▶ **Extracted data entries**:
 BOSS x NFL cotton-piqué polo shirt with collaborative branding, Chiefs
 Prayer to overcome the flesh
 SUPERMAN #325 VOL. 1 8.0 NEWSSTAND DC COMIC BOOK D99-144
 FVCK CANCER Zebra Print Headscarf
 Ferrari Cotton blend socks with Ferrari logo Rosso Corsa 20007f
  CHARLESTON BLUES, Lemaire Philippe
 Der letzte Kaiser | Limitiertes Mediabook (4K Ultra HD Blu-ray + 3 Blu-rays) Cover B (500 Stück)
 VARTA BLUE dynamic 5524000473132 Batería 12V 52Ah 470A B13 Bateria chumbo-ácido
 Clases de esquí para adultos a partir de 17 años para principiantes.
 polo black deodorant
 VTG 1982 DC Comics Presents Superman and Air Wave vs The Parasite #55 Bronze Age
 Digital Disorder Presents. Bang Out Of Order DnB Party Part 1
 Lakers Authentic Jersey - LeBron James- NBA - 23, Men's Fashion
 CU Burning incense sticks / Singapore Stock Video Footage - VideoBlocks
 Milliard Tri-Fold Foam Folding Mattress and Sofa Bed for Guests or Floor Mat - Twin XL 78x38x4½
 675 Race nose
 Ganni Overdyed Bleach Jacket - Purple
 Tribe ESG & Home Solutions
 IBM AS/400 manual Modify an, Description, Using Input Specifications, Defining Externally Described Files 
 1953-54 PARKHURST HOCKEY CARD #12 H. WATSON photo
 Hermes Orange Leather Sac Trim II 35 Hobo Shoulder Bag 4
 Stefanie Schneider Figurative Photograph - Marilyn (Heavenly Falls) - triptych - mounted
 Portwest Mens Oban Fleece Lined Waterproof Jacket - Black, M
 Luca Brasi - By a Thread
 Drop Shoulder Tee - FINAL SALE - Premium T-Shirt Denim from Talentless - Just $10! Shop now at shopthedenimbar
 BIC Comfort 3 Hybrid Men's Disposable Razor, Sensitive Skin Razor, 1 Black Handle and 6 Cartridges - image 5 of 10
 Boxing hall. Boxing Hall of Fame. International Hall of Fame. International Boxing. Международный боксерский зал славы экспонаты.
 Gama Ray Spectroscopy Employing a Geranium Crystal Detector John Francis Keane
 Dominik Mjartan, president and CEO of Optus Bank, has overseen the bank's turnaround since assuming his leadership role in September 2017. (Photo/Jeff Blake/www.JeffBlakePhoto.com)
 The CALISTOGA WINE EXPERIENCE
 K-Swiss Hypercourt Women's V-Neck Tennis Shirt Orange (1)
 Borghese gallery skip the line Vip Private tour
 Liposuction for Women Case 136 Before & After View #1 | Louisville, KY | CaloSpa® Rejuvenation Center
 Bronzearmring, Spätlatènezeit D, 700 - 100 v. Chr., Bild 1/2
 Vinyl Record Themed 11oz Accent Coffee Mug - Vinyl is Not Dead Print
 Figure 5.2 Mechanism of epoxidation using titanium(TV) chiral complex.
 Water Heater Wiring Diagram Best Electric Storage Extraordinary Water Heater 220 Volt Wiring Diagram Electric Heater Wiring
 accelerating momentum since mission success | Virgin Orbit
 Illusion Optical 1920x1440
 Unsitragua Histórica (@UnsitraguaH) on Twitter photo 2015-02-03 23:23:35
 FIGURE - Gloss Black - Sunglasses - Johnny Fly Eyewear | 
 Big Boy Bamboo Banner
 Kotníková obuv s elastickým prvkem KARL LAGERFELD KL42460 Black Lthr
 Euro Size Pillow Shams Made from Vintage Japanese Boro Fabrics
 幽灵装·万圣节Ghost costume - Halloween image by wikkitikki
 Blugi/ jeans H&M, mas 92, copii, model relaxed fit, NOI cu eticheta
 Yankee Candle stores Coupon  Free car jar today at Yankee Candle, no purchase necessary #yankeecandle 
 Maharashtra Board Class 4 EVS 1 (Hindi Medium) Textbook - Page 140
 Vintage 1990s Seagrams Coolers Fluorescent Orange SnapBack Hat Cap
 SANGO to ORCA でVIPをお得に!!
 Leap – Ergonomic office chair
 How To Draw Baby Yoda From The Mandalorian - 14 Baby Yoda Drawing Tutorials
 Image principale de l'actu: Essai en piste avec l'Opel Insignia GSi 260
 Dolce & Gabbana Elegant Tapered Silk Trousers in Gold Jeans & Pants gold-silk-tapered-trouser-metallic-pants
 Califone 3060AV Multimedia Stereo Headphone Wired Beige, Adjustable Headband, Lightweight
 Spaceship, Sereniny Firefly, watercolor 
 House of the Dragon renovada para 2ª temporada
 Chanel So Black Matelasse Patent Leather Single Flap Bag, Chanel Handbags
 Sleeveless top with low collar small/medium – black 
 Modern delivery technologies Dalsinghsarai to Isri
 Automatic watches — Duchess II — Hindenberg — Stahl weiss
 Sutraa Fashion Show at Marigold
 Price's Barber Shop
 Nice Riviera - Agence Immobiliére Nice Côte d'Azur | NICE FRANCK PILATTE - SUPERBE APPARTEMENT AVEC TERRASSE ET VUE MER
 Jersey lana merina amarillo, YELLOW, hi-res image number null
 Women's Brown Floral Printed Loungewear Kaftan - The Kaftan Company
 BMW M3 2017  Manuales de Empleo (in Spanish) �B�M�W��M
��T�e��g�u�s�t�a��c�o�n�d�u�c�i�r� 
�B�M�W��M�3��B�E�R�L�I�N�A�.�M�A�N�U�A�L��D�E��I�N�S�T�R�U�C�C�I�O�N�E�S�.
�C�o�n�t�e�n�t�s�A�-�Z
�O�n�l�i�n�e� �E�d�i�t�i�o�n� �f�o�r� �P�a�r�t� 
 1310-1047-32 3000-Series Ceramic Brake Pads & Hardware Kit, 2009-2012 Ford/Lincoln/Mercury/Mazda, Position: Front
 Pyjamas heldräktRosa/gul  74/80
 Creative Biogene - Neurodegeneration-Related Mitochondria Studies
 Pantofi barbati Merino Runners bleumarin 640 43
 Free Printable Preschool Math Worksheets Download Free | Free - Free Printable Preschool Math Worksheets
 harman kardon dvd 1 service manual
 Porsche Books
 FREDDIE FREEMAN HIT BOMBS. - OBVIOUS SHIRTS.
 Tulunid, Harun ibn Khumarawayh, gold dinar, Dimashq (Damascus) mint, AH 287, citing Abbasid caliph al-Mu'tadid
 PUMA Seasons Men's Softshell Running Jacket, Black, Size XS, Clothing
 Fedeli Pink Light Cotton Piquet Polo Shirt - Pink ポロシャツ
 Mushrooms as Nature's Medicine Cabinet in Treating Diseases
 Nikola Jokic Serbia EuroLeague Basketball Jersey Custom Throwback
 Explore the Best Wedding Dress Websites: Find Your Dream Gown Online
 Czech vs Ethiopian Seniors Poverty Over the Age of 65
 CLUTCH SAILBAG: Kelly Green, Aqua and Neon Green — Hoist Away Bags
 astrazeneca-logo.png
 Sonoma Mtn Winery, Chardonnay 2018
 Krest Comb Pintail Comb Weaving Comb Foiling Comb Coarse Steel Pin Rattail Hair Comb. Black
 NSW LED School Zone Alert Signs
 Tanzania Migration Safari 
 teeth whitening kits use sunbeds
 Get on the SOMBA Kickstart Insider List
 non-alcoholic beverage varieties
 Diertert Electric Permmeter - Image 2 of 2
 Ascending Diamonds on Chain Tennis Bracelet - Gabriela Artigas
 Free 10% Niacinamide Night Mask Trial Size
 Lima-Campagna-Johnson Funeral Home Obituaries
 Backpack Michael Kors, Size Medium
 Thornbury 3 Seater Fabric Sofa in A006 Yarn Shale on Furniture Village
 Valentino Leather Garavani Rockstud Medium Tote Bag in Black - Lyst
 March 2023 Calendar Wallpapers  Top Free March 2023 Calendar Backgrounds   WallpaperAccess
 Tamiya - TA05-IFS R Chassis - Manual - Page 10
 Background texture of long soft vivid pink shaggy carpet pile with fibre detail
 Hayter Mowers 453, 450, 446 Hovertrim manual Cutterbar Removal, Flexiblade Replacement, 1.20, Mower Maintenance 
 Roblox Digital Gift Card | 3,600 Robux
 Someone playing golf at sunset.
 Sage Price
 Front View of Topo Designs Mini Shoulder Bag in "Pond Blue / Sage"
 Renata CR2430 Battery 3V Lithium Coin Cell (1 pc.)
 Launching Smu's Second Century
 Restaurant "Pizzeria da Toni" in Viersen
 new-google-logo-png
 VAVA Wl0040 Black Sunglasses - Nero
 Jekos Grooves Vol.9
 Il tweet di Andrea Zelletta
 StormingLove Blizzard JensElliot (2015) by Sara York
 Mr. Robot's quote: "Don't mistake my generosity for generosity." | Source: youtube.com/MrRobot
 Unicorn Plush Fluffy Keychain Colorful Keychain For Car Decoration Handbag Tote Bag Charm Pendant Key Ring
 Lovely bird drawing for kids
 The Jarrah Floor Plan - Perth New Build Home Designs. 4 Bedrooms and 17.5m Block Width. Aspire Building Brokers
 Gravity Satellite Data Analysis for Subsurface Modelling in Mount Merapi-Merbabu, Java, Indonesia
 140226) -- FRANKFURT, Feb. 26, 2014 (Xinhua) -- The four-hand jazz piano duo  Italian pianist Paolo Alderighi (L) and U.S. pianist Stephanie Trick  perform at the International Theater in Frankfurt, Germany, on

▶ **About this exercise**: Using only the entries above, output the line with "SUPERMAN #325 VOL.", the line with "VARTA BLUE dynamic", and all lines between them, exactly as they stand.

▶ **Answer below**:
 SUPERMAN #325 VOL. 1 8.0 NEWSSTAND DC COMIC BOOK D99-144
 FVCK CANCER Zebra Print Headscarf
 Ferrari Cotton blend socks with Ferrari logo Rosso Corsa 20007f
  CHARLESTON BLUES, Lemaire Philippe
 Der letzte Kaiser | Limitiertes Mediabook (4K Ultra HD Blu-ray + 3 Blu-rays) Cover B (500 Stück)
 VARTA BLUE dynamic 5524000473132 Batería 12V 52Ah 470A B13 Bateria chumbo-ácido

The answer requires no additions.